Monday, August 21, 2006

One of the tragedies of our time is the limited number of genuine conversations that we are able to engage in during the course of any given day. Our abilities to communicate seem to have fallen to a new low in recent days with most forms of literature and educational programming adapting to an ever declining number of words and images to “make their claims” and “promote their causes.”

Language has the unique capacity to bridge many divides, whether cultural, social, or ethical as we consider the capacity of our language to communicate meaning and understanding to others. Our problem lies in our growing inability to communicate at all. The nature of our conversations has become an ever smaller number of words, frequently misused or misunderstood in light of unknown meanings. The passage of prose taken from a book fifty years ago may need radical restatement today in order to even have a hope of being understood today by the average reader.

Educators note a “dumbing-down” of the common language we use.
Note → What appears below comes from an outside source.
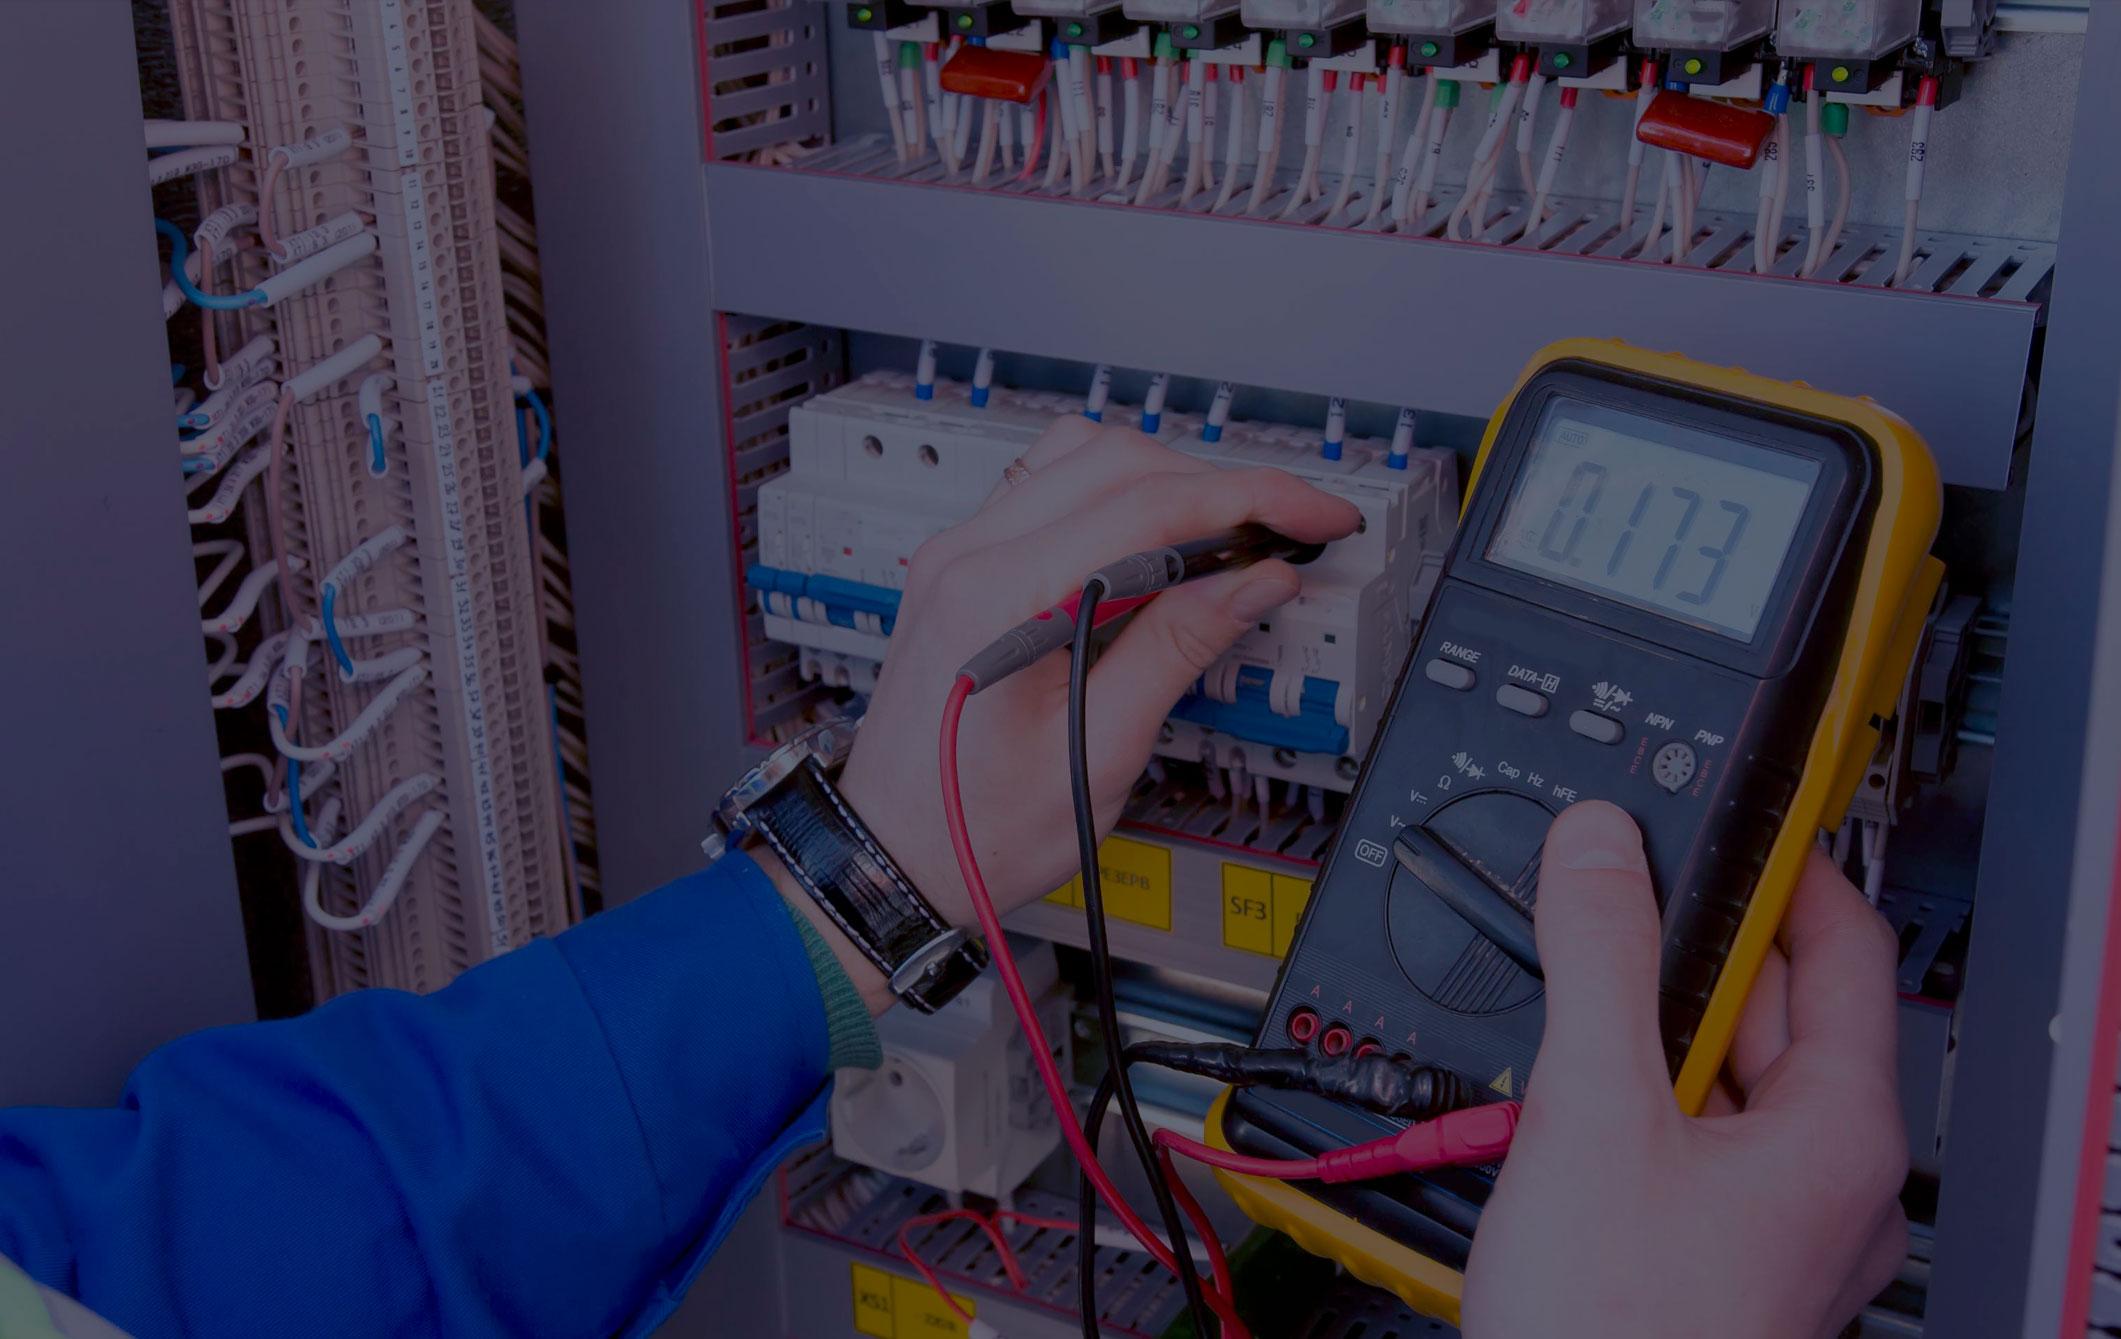 Испытание оборудования повышенным напряжением, обслуживание устройств РЗиА

Our conversations are less “littered” with description and adjectives that provide meaning and nuances of tone and intention. Our ability to understand is often muddled with such inadequacies of speech. Ideas and beliefs deserve words that speak well and wisely. Movements and causes and principles and calls for response deserve to be undergirded with the insights and comprehension of those who fall into step behind them.
Our time for conversations is being sapped by multi-tasking distraction-laden interruption and the sacred occasion of worship or even a family shared meal is fast becoming a rarity rather than the norm.

To converse is to exchange thoughts and ideas. It is to engage one another in the complementary task of sharing ourselves and in turn better understanding one another.
Ours is a world of narrowing demands and wide intolerance. It is a world of weak diplomacy and outrageous war-mongering. It is a time of loneliness brought about by a failure of a generation to retain the capacity for social communication with family, friends, and neighbors. It is a season of suffering brought about by misunderstanding, poor use of language, and mistaken ideals gleaned from sound bites of interpreters of those who lived and spoke before us.

Words are very much with us in our daily lives, but we have lost the ability to value them for their capacity to enrich our relationships to the persons with whom we share this world. If we are media oriented, visual learners, we must not abandon the vocabulary and the settings that will allow us to become something more than parroters of pre-programmed persuasion. We need the words and the voices of those who will enlarge our understanding rather than diminish it. We need the power and wisdom of those who will engage in the battle for peace through words before bombs and guns become the only sounds heard. We need the minds of those who have great gifts to share to be opened with the capacity of language to embrace new thoughts and dreams and visions for the future. Let us pray for ears that hear, that have heard, and that are still listening.